**Provided data**
______
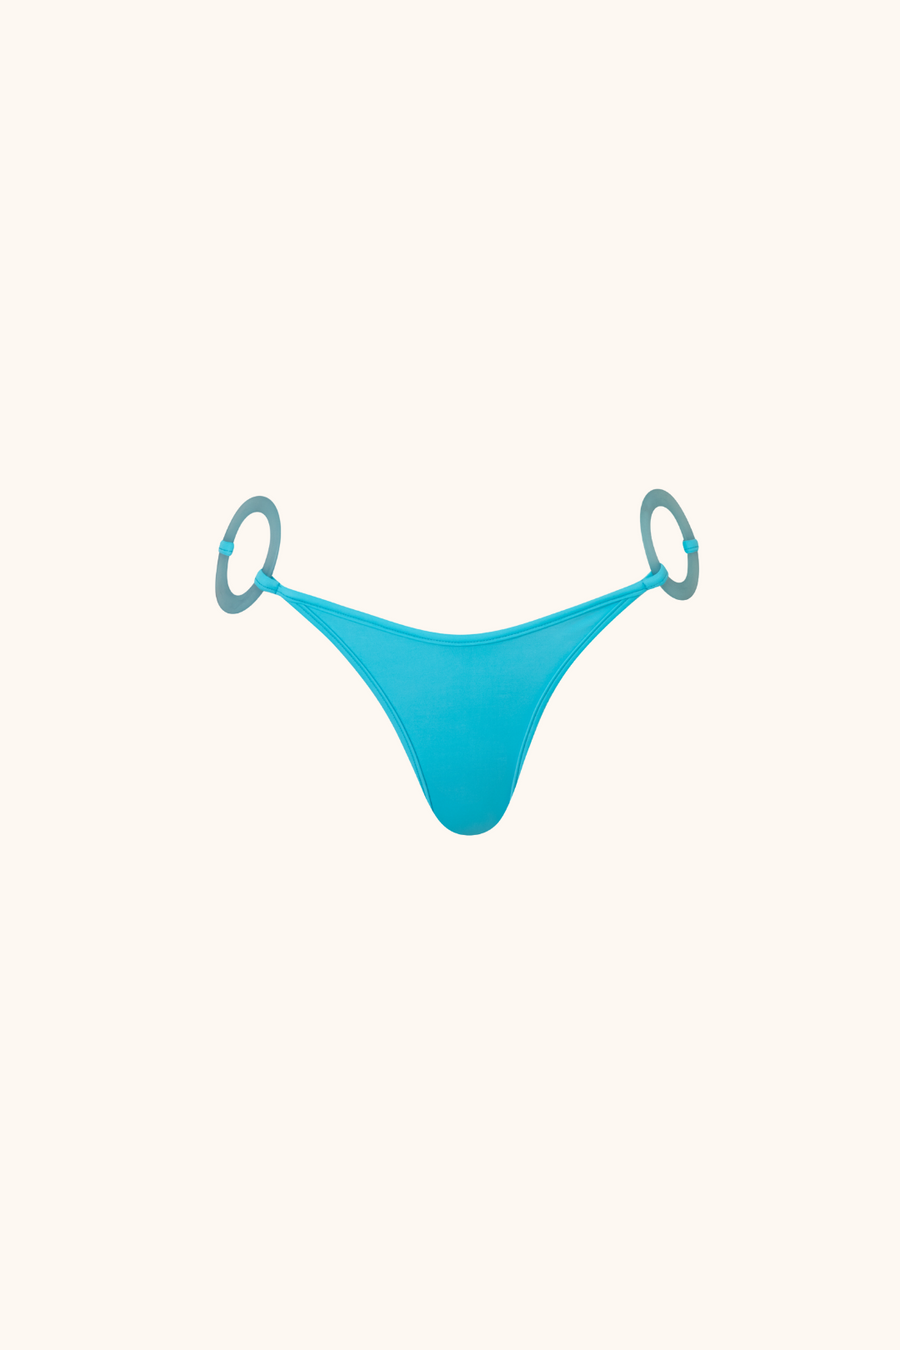 'Sky Blue' Bikini Bottom - PRE ORDER
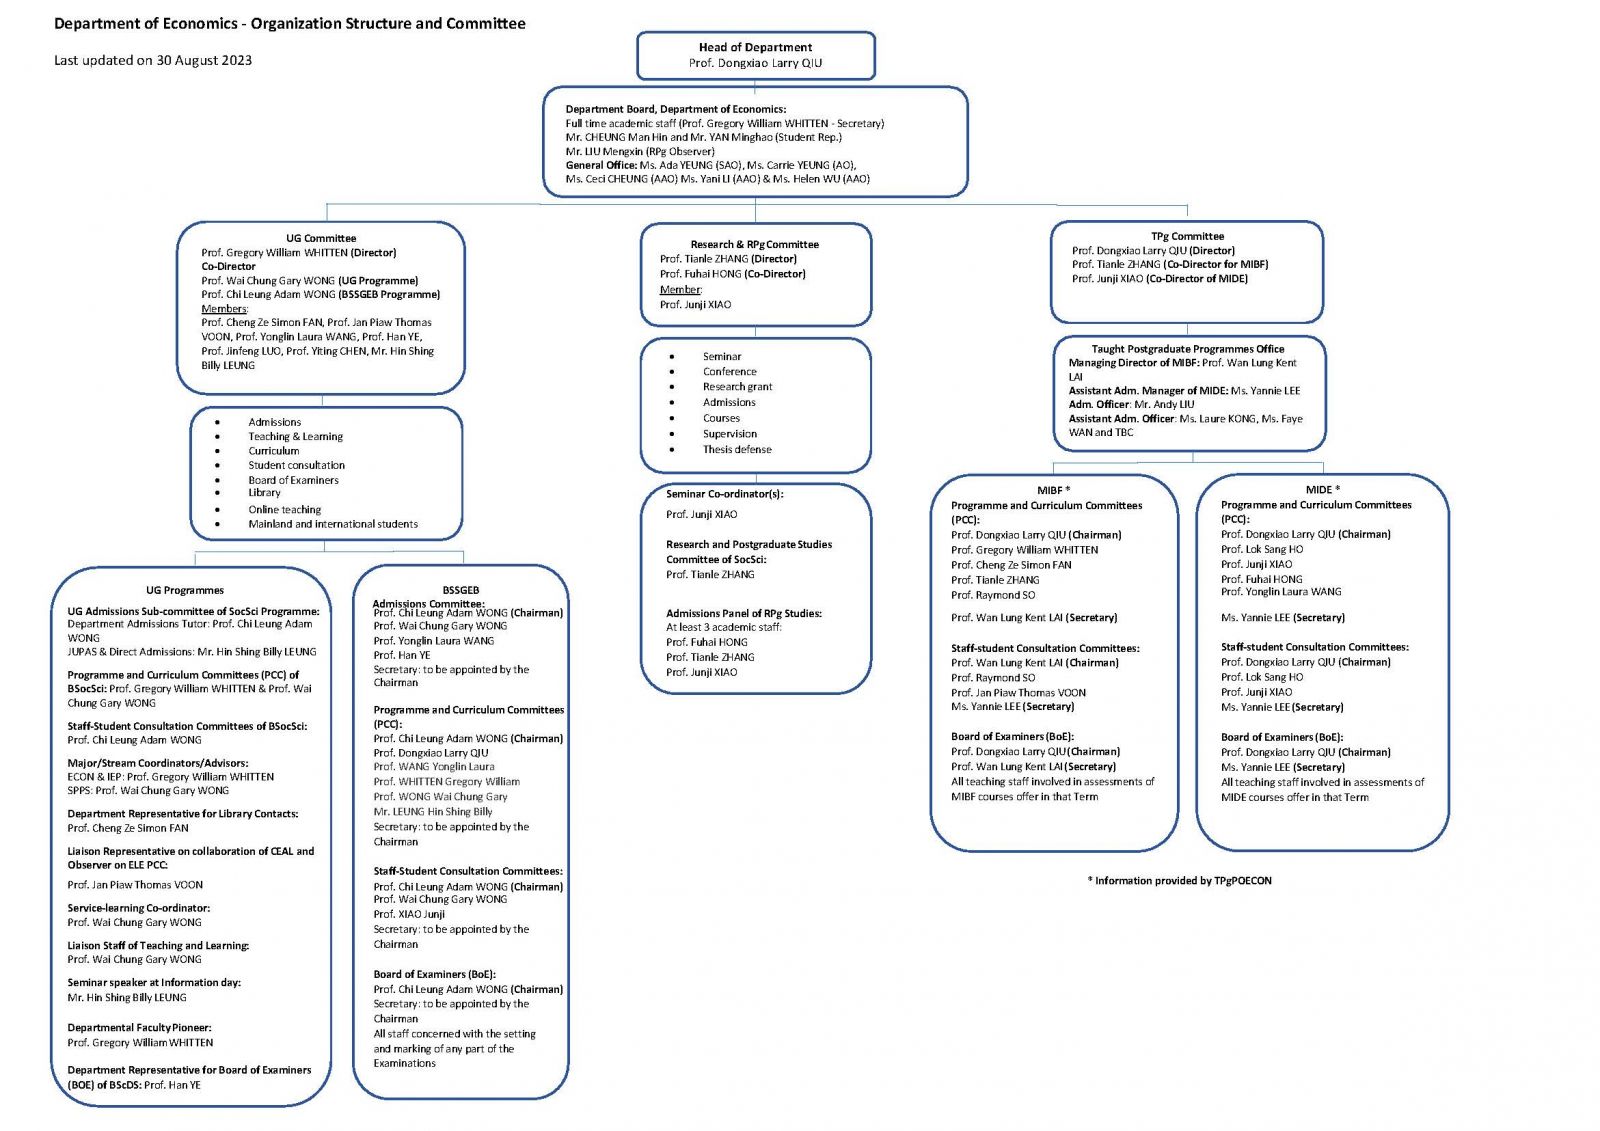 Organisation Structure, Department of Economics
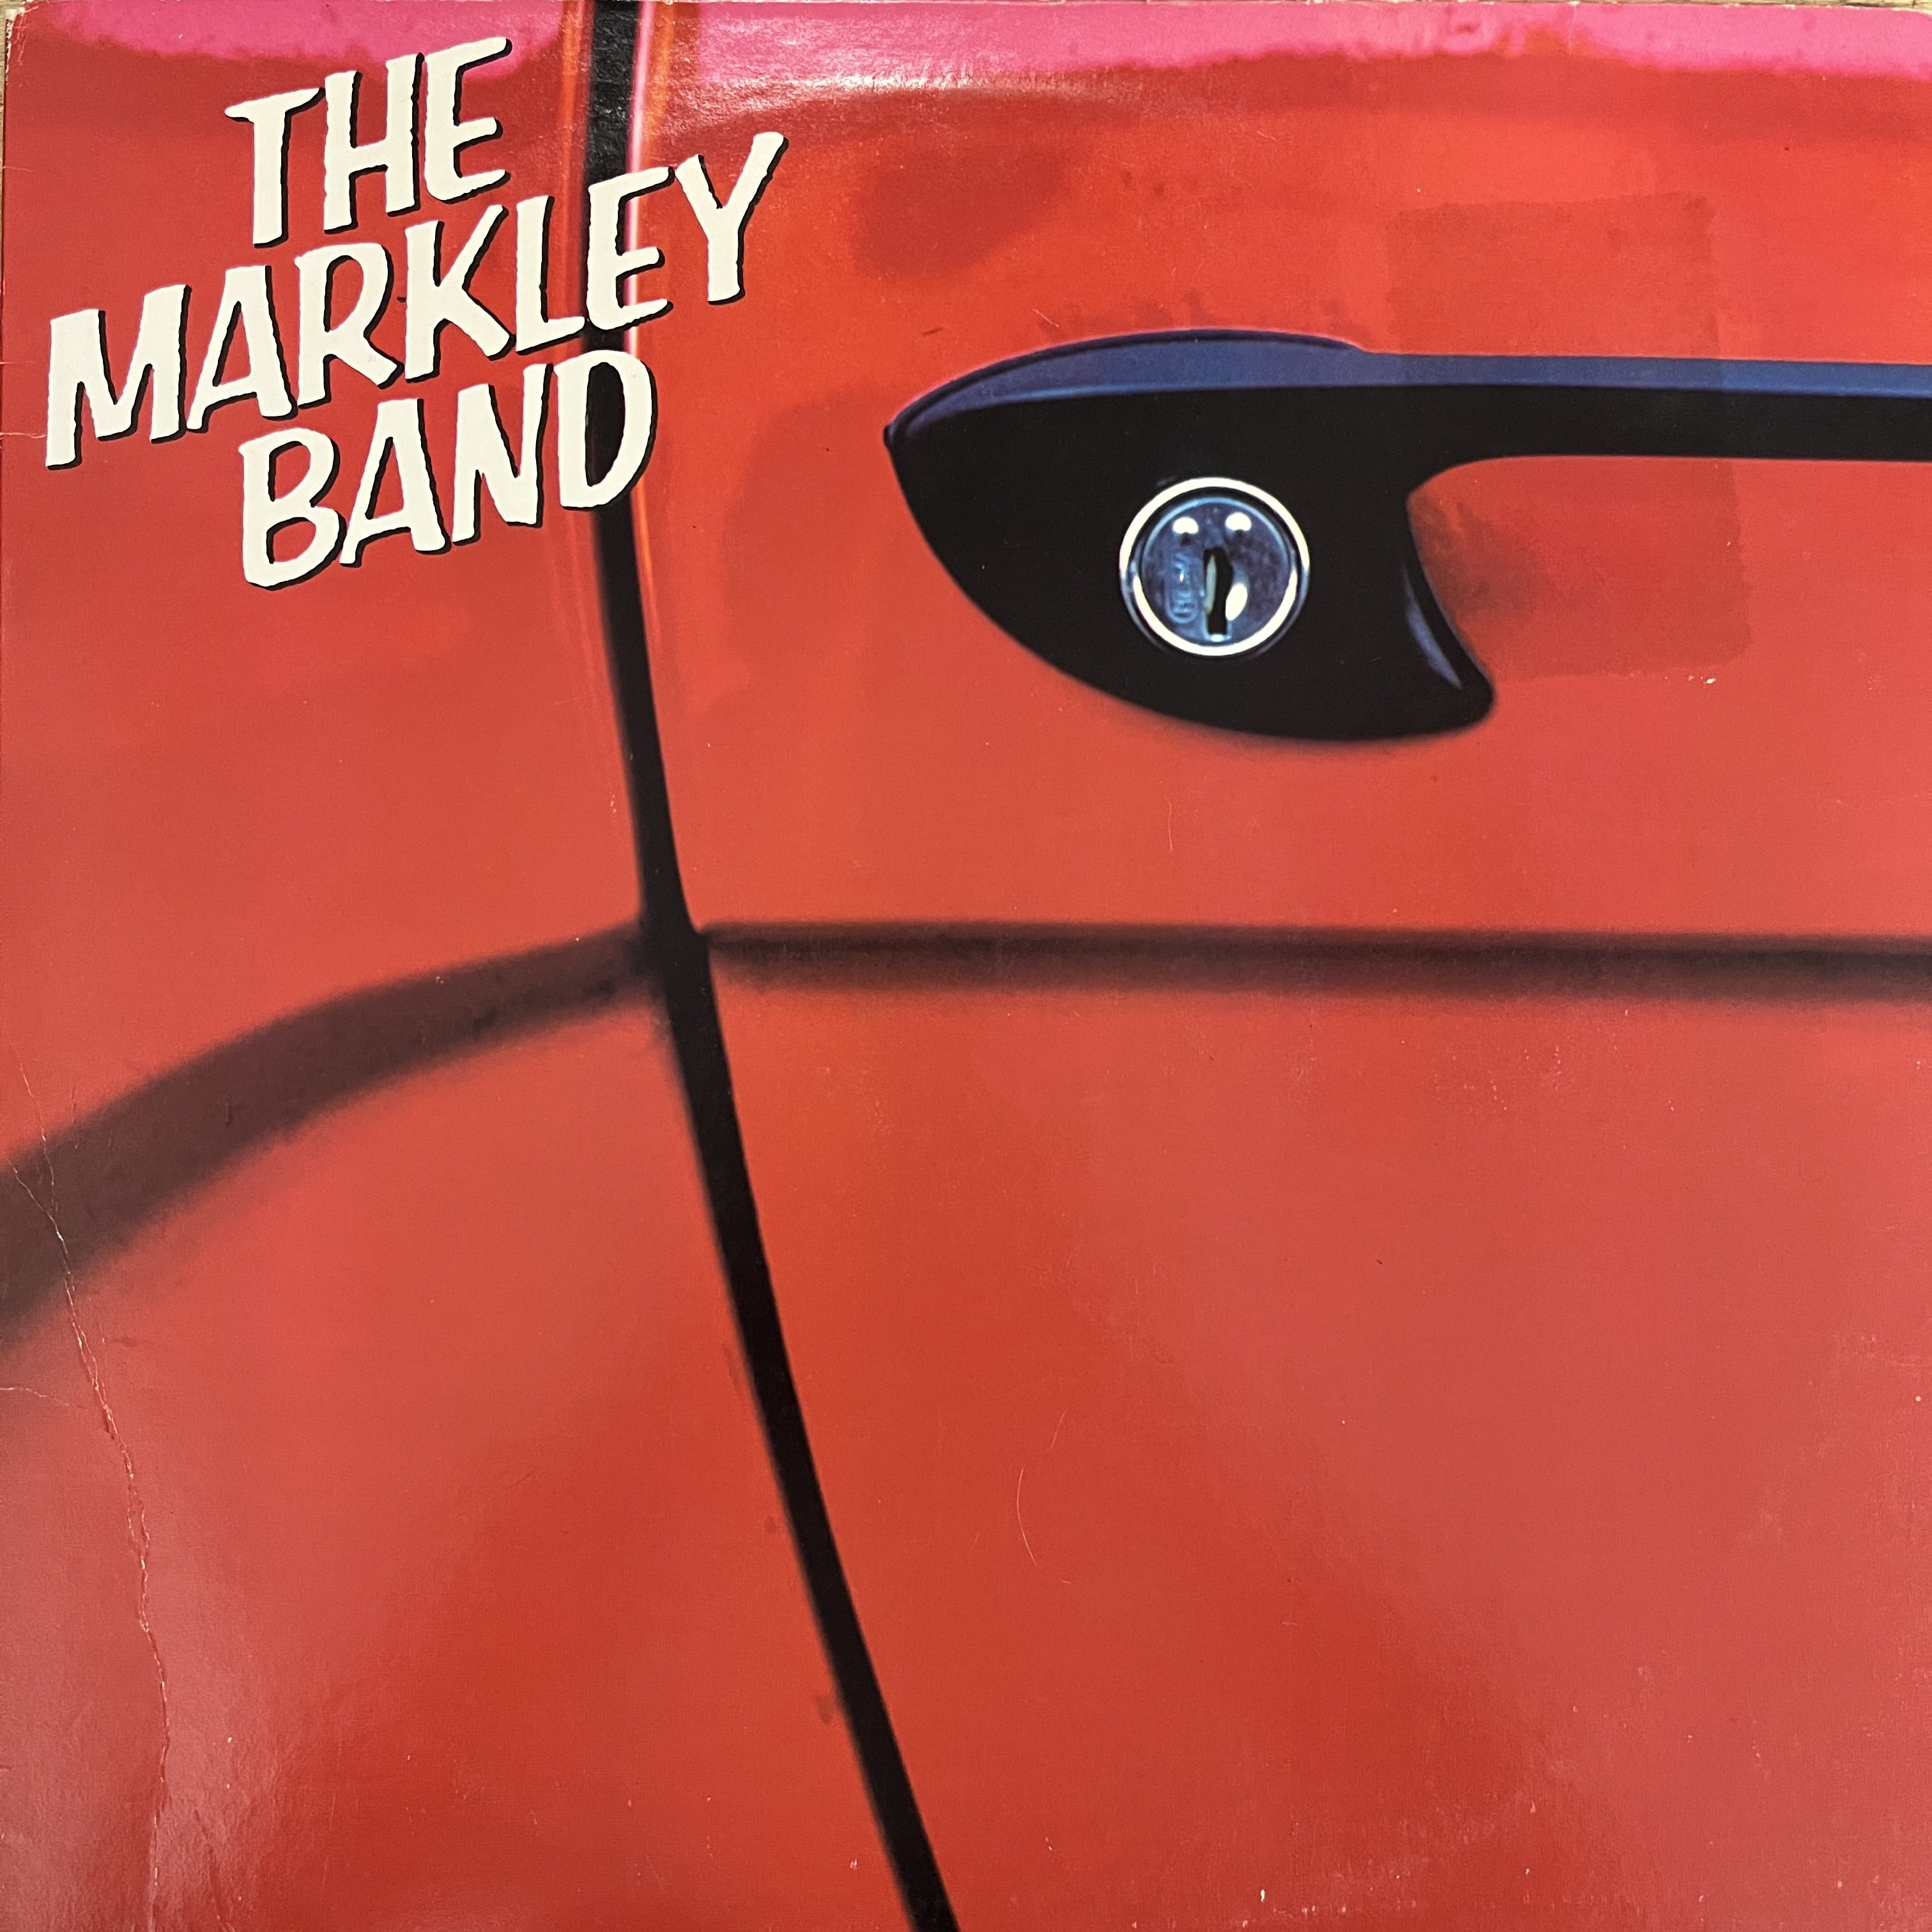 The Markley Band
______
**Work required**
Copy each line of the material above exactly, but not the images.

**Response to this exercise**
 'Sky Blue' Bikini Bottom - PRE ORDER
 Organisation Structure, Department of Economics
 The Markley Band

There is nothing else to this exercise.